Michael Petry: In the Realm of the Gods New Solo exhibition Holburne Museum Bath

Michael Petry Ley Line 2017

The Holburne Museum has invited Petry to make a new feature installation and to place two other pieces about existing works in their collection.

The main installation is called A Line Lives in the Past and the Future and consists of a large glass ley line (approximately 8 meters) that runs down the centre of the central gallery. The work looks as if it is Neolithic find and is made up of 16 large sand cast pieces of glass. Each unique piece was made by Petry using his hands to dig out the form in the sand before molten glass was poured into the void. Ley Lines have a historic and metaphysical importance in Great Britain, yet the phrase only came into common usage in 1921 when Alfred Watkins coined it to describe the relatively straight lines found between Neolithic sites. Watkins proposed that ley lines were geographic formations with mystic (Druidic) connections. The city of Bath is said to have many ley lines running through it including the most famous – between the Royal Crescent and the Circus, which many believe to represent the Sun and the Moon. Seen from the side, Petry’s ley line looks like a three-dimensional landscape.

The glass artwork was made in conjunction with the staff and students at the Plymouth College of Art as part of their professional development. The cold glass work has been done by Fiaz Elson.

The works that Petry integrated into the collection include his Libation to Virgo (Aphrodite), a new work made of silvered porcelain stars hung on the gallery walls. The work is suspended above Antonio Susini’s sculpture Crouching Venus (c 1600) one of the highlights of their collection. Petry’s sculpture is in the form of the Greek’s idea of the stars at night that form the constellation depicting the goddess of Love. This libation or offering to the gods is from a series of works that are made from either porcelain or bronze stars each forming a different classical constellation.

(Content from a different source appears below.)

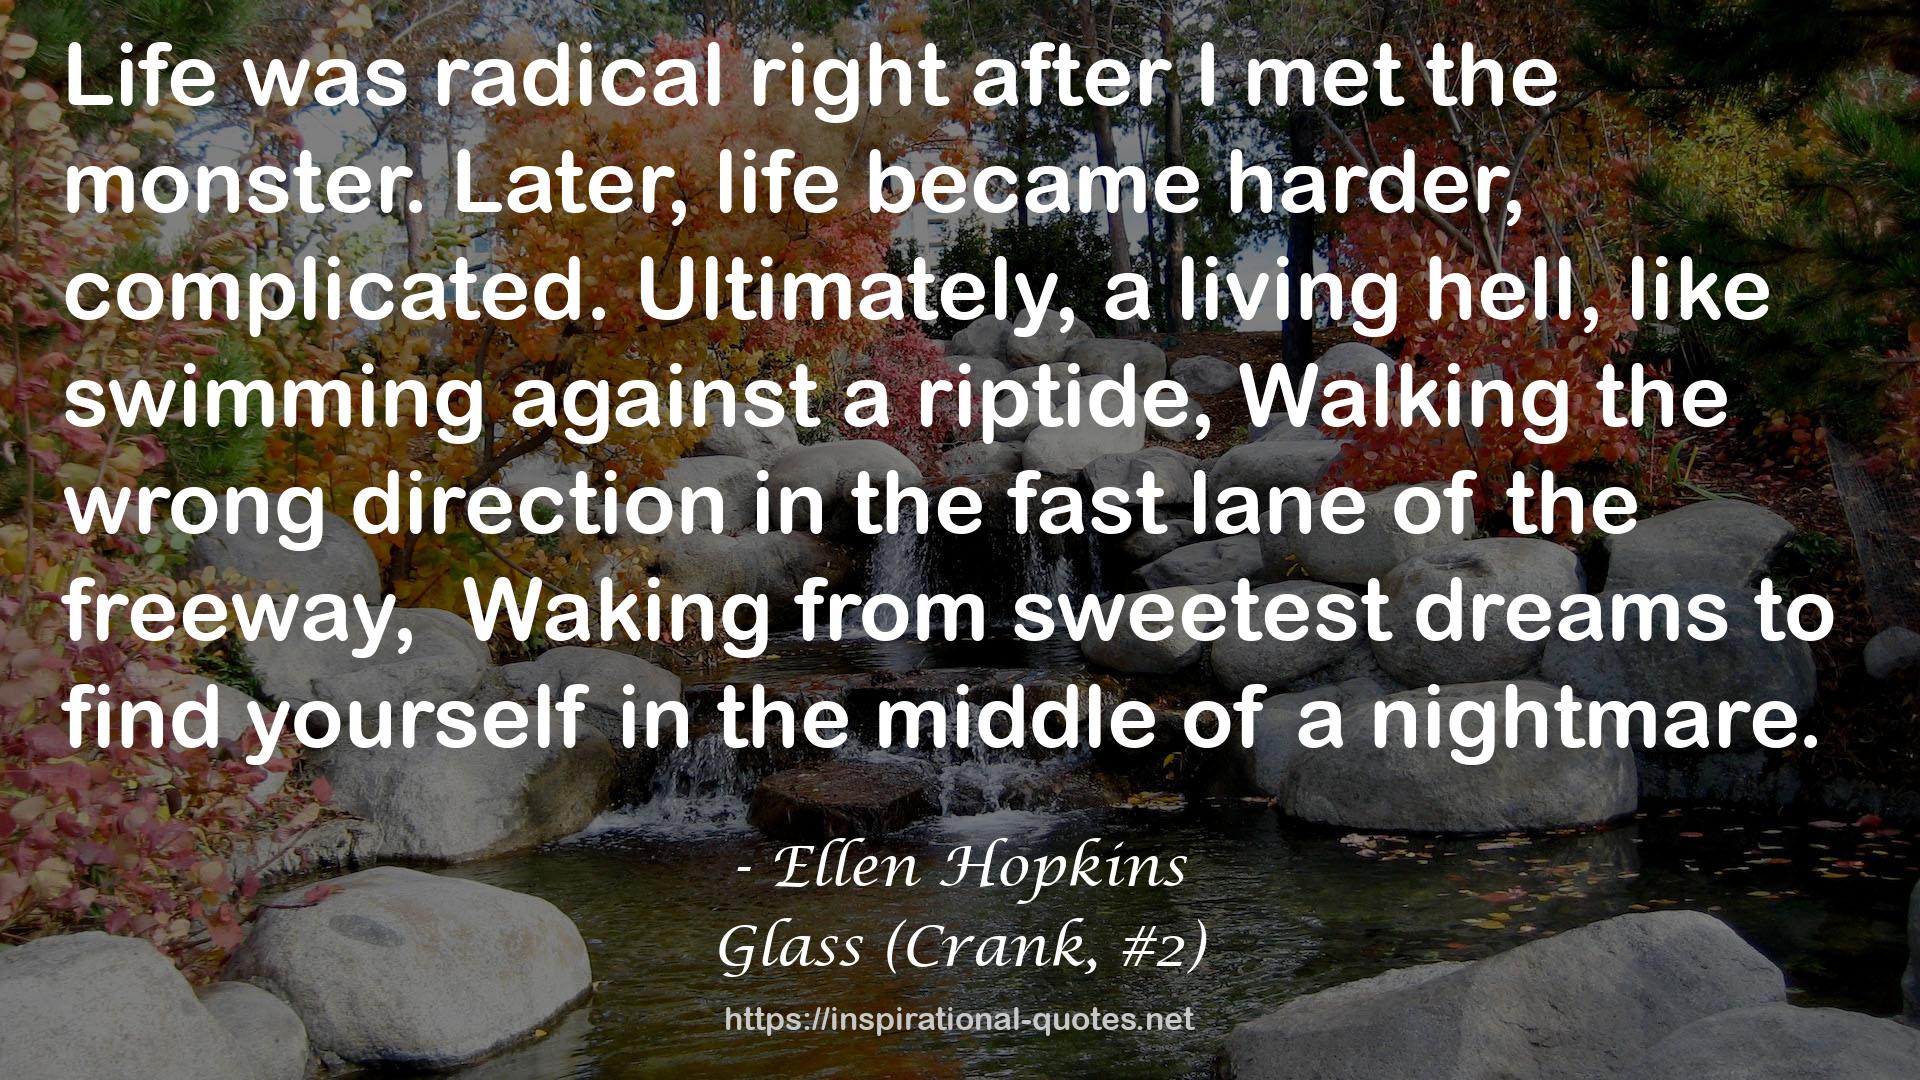 Glass (Crank, #2) QUOTES

The final work exhibited is one of Petry’s performance works from his MAP Unit series. These works are exactly the artist’s height and made from real pearls strung on silk cord by jewellers to the Crown. The work can be worn as a performance (called Wearing Michael Petry’s Pearl Necklace) or as a measuring unit, as placed directly on the walls as at The Holbourne. His MAP Units measure the world according to his own dimensions, in his likeness, as each viewer does the same.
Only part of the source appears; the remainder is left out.